(Collection entries)
● ● ● ● ●

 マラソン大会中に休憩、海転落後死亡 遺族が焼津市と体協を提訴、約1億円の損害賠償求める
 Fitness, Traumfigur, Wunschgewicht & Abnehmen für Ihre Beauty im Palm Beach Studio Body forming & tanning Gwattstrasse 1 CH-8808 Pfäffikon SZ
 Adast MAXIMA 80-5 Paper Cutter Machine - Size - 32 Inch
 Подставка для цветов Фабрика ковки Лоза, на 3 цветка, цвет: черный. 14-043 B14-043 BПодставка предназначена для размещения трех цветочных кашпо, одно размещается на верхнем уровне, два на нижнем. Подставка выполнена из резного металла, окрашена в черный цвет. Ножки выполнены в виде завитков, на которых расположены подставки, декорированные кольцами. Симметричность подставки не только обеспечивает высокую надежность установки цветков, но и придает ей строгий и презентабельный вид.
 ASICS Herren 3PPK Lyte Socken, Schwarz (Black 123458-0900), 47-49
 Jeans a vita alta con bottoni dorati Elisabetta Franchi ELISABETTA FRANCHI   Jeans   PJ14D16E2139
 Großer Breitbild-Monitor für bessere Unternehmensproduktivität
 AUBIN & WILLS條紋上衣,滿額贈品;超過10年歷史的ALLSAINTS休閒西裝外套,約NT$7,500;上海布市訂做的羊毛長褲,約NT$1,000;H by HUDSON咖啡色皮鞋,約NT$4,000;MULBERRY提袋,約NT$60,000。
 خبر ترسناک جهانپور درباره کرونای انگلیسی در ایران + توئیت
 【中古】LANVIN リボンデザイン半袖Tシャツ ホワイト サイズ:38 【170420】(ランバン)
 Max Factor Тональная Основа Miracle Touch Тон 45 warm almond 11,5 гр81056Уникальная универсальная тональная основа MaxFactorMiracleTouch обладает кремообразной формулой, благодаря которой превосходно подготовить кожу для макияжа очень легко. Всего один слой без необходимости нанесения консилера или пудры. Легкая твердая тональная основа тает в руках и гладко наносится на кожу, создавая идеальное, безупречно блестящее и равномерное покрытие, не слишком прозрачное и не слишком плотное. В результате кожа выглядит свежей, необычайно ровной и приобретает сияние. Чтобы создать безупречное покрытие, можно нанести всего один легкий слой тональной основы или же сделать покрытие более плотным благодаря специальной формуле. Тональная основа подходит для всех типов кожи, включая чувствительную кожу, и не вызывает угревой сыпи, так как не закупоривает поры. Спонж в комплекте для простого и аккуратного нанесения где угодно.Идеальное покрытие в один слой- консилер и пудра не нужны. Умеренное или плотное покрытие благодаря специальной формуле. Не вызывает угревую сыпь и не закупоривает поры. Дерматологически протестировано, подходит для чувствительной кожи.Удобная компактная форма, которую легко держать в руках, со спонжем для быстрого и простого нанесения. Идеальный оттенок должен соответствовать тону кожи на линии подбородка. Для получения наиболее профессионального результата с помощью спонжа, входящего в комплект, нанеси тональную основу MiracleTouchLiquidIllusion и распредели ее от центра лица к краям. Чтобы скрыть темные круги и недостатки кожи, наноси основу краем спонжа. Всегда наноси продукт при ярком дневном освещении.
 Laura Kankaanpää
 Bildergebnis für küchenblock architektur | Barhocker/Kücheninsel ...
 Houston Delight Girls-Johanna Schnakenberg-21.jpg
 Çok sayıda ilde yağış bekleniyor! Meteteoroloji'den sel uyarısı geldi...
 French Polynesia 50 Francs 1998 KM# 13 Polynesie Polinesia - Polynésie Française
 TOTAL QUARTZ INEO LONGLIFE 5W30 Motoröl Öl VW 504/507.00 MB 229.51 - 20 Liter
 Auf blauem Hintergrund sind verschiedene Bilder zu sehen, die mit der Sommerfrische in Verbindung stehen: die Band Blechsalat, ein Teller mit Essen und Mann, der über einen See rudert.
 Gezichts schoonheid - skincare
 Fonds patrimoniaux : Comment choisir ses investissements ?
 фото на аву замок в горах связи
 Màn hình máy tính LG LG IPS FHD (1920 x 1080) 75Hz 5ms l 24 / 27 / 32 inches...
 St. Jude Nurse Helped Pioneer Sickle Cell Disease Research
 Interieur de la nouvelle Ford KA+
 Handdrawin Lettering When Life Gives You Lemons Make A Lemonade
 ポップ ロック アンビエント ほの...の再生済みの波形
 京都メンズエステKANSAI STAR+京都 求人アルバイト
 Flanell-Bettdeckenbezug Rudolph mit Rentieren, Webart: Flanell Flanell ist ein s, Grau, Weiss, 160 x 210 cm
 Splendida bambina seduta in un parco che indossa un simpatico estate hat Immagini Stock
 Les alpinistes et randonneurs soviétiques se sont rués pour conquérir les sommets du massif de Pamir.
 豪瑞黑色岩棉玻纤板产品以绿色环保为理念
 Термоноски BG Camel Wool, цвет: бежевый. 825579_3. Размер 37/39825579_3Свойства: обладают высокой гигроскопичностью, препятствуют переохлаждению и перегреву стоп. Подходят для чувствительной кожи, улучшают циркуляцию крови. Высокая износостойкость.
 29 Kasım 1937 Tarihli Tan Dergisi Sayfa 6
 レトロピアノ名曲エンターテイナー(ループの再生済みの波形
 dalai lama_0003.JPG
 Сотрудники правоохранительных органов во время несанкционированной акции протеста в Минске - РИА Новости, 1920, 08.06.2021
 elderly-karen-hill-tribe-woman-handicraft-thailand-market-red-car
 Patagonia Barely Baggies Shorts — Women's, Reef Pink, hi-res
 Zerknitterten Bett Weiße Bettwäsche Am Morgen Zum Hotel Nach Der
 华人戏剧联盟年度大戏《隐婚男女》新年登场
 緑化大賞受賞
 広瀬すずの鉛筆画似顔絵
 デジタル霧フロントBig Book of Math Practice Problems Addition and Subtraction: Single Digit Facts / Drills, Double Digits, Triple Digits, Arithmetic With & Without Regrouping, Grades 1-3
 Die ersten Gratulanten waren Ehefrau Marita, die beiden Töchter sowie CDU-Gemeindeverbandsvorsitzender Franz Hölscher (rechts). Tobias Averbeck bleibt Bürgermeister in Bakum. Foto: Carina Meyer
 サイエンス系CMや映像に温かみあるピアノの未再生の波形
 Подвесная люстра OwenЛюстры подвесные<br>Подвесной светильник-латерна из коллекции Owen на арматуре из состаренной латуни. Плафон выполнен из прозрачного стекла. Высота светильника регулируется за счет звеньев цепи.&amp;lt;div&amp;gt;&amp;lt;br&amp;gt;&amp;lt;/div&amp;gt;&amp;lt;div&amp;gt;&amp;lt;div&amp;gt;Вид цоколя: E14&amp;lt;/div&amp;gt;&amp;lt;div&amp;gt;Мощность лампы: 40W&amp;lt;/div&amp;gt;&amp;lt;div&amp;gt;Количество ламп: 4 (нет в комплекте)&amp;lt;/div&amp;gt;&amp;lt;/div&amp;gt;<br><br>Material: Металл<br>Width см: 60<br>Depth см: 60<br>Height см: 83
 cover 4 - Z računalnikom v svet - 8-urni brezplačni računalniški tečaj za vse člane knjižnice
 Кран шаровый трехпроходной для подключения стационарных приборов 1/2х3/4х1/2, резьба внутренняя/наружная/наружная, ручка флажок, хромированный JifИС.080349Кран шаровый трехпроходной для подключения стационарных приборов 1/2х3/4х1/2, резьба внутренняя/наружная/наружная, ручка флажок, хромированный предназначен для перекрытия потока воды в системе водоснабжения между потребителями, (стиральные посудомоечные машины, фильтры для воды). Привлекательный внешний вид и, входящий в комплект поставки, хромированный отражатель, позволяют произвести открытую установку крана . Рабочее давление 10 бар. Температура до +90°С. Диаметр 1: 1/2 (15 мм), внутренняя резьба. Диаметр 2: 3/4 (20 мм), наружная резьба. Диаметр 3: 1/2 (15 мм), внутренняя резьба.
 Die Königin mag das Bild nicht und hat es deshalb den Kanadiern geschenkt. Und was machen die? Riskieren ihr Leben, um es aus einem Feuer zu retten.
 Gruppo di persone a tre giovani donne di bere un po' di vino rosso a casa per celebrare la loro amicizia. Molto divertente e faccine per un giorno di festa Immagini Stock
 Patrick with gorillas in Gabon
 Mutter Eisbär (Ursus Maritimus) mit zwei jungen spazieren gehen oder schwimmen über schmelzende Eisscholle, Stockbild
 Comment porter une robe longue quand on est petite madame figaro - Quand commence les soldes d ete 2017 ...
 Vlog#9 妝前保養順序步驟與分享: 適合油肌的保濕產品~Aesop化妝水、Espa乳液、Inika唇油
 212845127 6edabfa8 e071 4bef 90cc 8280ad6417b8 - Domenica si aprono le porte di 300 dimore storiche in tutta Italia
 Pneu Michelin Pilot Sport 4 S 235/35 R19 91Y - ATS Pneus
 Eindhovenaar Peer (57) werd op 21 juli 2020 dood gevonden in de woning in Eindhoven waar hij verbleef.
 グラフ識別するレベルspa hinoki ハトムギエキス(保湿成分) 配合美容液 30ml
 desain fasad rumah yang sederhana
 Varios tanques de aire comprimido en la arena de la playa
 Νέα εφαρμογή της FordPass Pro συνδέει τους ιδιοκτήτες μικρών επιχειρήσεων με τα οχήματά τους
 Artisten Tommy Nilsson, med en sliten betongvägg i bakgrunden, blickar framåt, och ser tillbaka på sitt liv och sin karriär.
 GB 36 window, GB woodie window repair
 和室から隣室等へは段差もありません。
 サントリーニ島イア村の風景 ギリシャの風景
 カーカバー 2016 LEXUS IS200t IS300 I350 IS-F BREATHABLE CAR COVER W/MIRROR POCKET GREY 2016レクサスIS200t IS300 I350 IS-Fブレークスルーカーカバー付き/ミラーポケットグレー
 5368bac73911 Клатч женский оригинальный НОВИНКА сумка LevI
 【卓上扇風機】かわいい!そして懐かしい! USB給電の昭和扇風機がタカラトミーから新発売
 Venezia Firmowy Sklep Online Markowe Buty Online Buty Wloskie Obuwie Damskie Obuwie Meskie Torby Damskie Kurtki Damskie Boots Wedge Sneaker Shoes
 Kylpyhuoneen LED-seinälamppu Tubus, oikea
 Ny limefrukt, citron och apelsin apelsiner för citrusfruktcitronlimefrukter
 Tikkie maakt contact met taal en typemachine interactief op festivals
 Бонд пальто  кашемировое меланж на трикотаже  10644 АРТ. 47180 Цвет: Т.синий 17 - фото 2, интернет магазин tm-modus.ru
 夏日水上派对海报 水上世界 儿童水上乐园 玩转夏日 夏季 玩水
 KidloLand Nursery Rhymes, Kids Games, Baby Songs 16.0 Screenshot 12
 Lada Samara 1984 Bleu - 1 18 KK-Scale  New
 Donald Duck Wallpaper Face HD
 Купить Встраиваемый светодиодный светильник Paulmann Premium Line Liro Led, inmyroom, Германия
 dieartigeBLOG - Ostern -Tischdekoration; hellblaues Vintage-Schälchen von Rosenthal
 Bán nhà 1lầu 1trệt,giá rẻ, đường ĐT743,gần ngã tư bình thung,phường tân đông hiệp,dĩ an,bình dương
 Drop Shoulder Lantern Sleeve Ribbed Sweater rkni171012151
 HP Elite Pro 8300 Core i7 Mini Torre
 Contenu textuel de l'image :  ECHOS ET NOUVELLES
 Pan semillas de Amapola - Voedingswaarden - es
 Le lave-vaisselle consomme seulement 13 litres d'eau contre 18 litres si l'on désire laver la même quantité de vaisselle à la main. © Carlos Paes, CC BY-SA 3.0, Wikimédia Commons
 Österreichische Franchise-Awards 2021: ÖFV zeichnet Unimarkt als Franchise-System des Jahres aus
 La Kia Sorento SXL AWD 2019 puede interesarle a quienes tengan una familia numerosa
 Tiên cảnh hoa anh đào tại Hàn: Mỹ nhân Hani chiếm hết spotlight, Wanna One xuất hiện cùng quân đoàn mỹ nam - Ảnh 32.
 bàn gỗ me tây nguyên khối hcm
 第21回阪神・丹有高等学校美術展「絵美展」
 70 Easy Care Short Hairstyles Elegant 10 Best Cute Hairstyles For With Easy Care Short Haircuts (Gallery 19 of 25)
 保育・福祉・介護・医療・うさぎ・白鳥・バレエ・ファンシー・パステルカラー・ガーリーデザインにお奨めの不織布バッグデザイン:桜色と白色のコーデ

● ● ● ● ●

- _EXERCISE PROMPT_
Could you repeat exactly the lines above from the line with "Fonds patrimoniaux : Comment" up to and including the line with "Splendida bambina seduta", and only those?

- _RESPONSE AREA_
 Fonds patrimoniaux : Comment choisir ses investissements ?
 фото на аву замок в горах связи
 Màn hình máy tính LG LG IPS FHD (1920 x 1080) 75Hz 5ms l 24 / 27 / 32 inches...
 St. Jude Nurse Helped Pioneer Sickle Cell Disease Research
 Interieur de la nouvelle Ford KA+
 Handdrawin Lettering When Life Gives You Lemons Make A Lemonade
 ポップ ロック アンビエント ほの...の再生済みの波形
 京都メンズエステKANSAI STAR+京都 求人アルバイト
 Flanell-Bettdeckenbezug Rudolph mit Rentieren, Webart: Flanell Flanell ist ein s, Grau, Weiss, 160 x 210 cm
 Splendida bambina seduta in un parco che indossa un simpatico estate hat Immagini Stock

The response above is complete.